• Dataset extract:
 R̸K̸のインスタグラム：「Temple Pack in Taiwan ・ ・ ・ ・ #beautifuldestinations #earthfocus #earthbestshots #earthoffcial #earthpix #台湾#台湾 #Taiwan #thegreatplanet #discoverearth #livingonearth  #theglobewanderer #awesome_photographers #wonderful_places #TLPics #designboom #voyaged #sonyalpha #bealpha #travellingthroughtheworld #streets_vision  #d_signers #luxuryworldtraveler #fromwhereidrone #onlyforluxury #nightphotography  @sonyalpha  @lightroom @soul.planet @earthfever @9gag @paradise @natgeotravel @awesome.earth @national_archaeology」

--

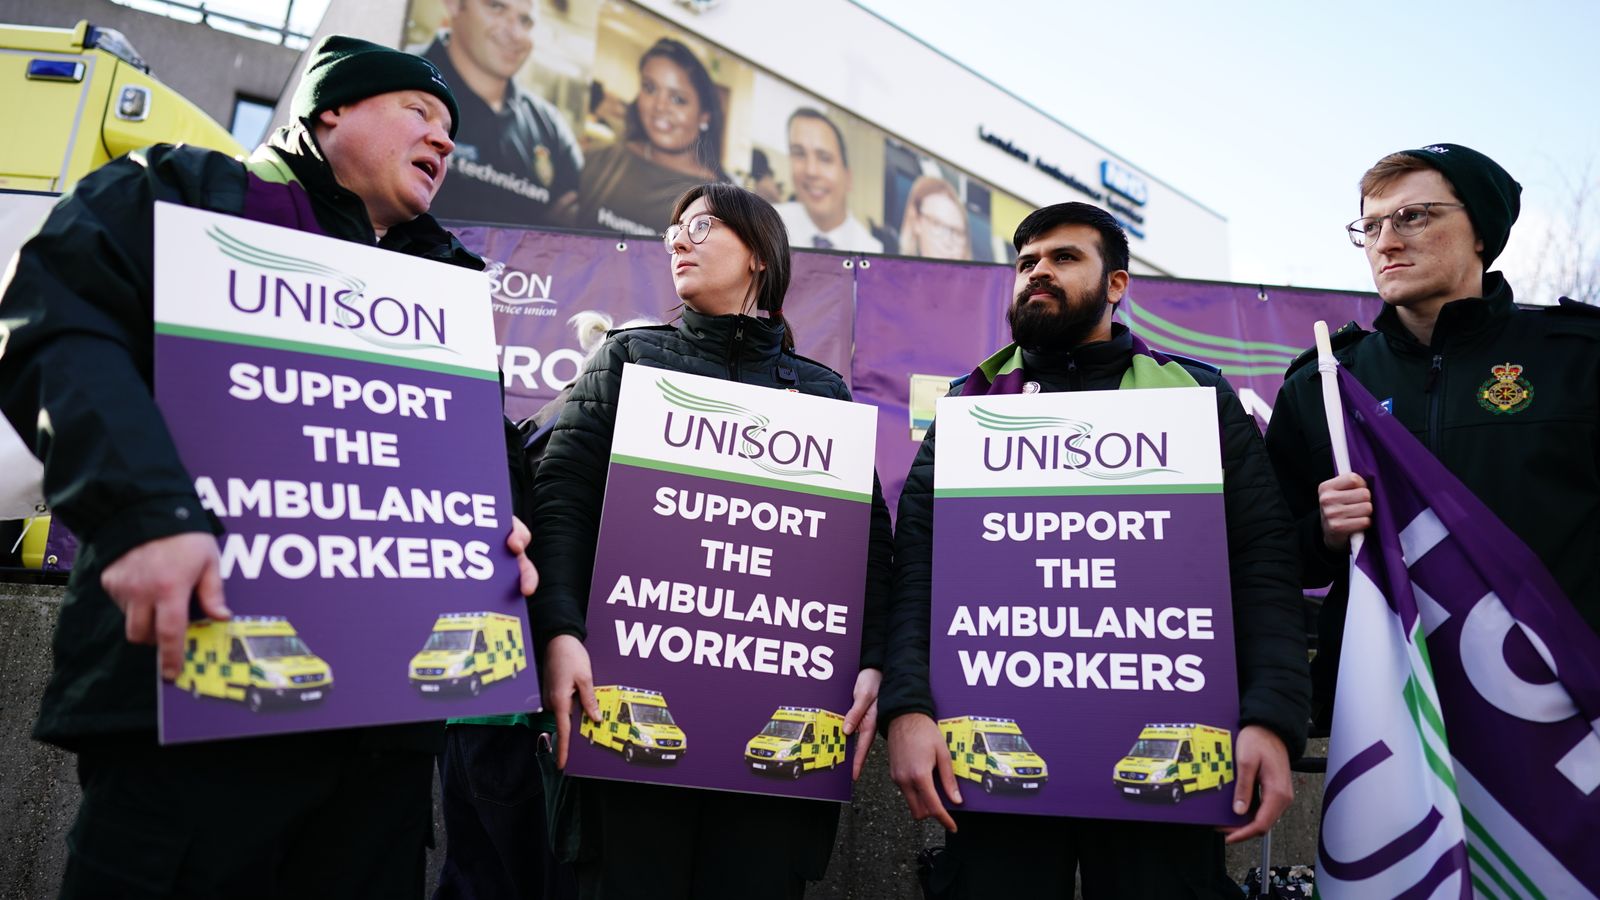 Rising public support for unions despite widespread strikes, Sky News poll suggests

--

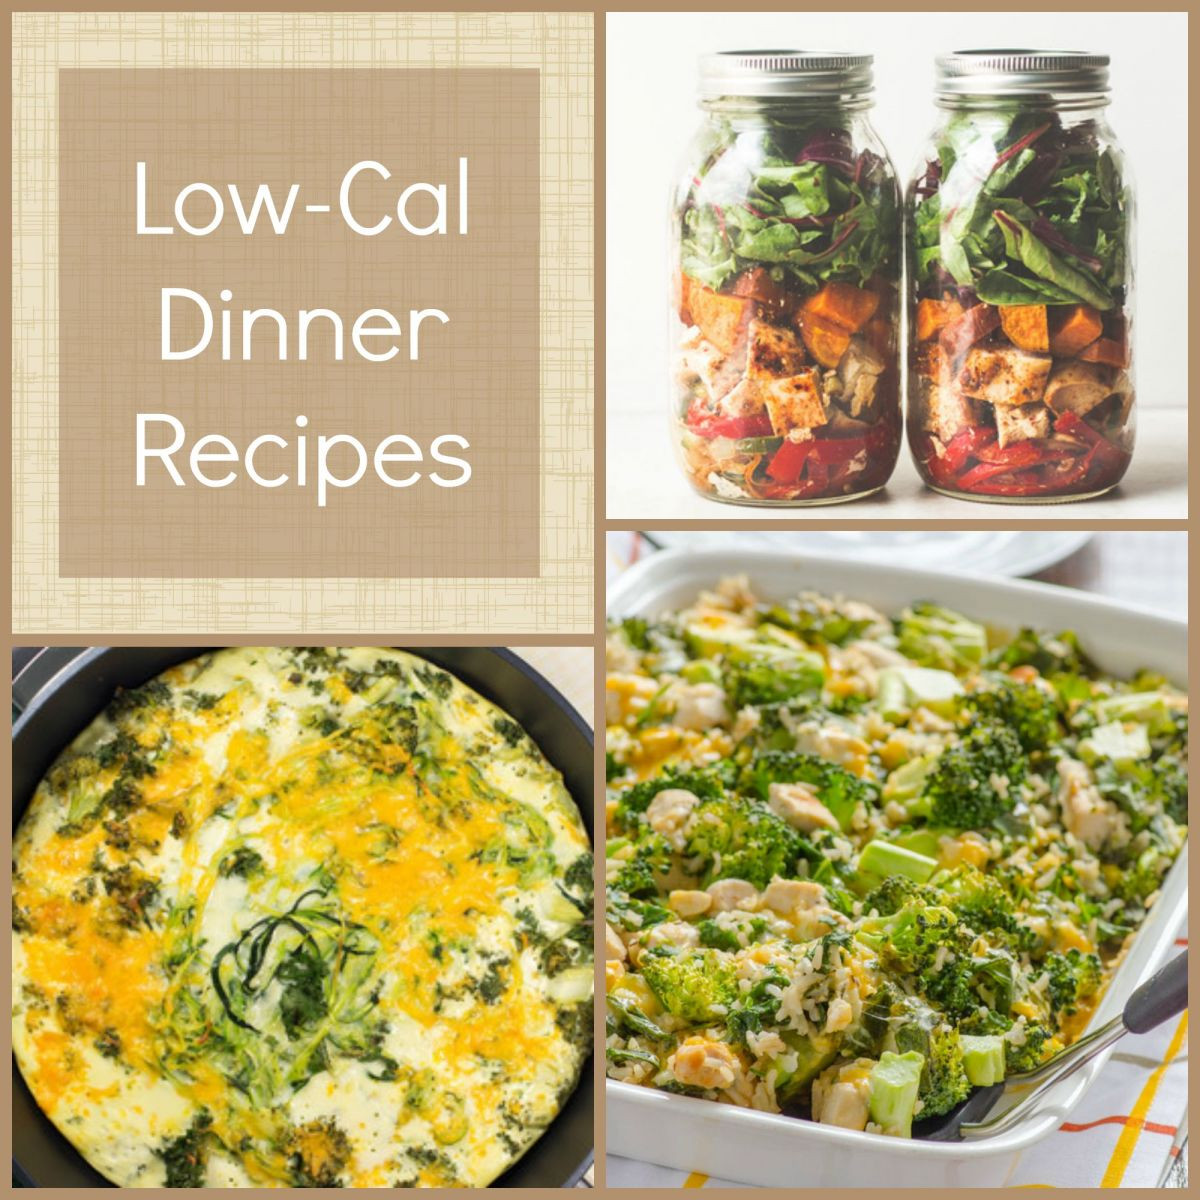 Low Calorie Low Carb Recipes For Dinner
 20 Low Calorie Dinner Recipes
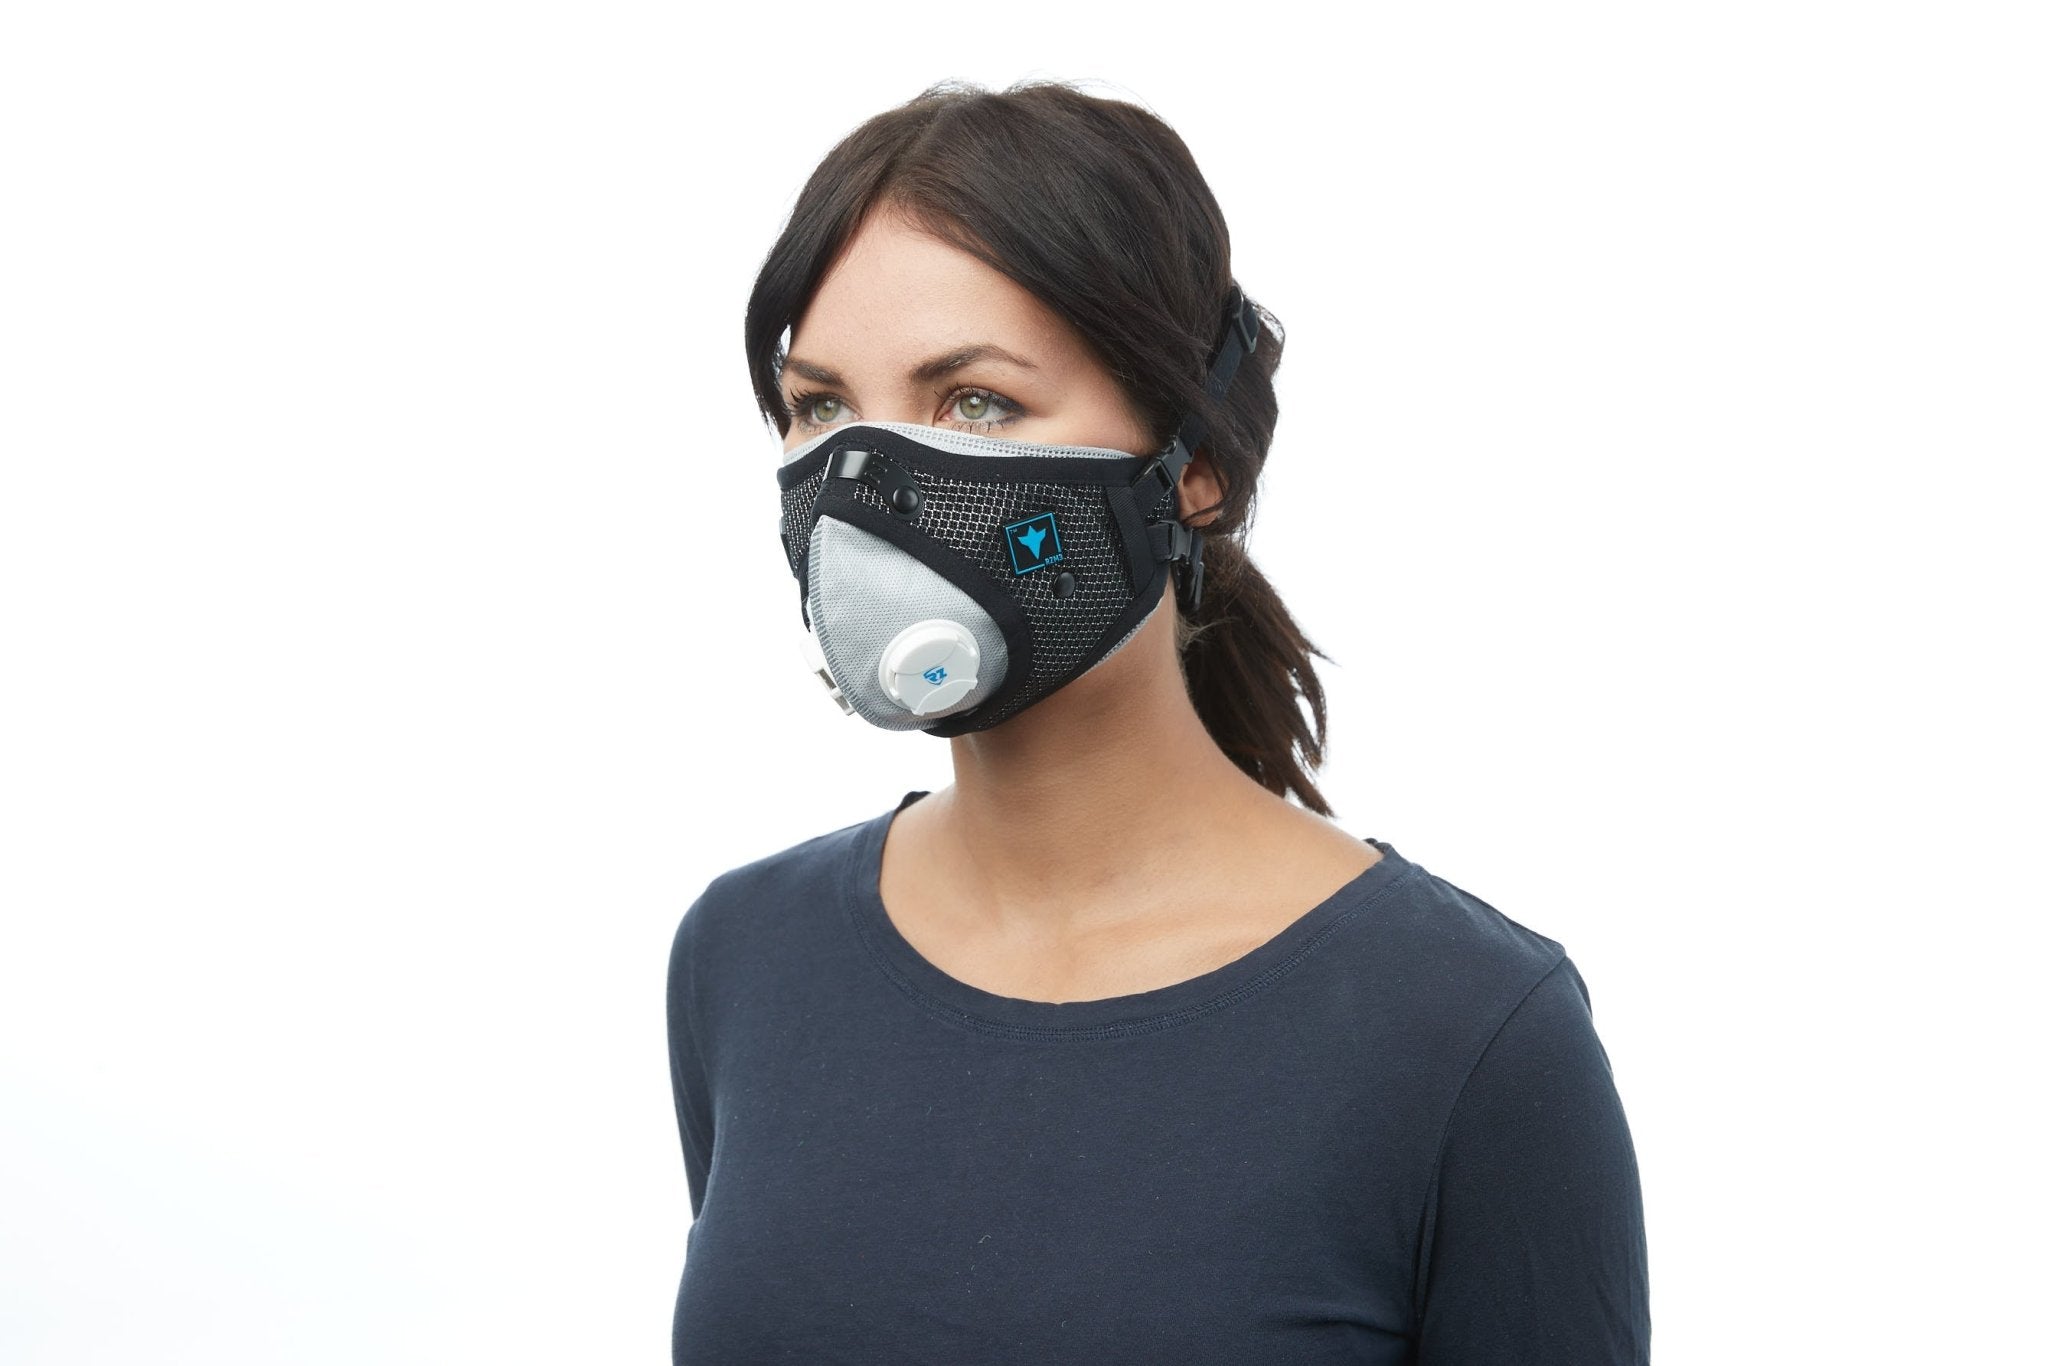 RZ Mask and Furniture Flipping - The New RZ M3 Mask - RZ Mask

• Instructions to follow: Pictures do not belong in the answer. Return the lines above starting at the one with "Low Calorie Low Carb Recipes For Dinner" and ending at the one with "RZ Mask and", both kept, exactly.

• Answer box:
 Low Calorie Low Carb Recipes For Dinner
 20 Low Calorie Dinner Recipes
 RZ Mask and Furniture Flipping - The New RZ M3 Mask - RZ Mask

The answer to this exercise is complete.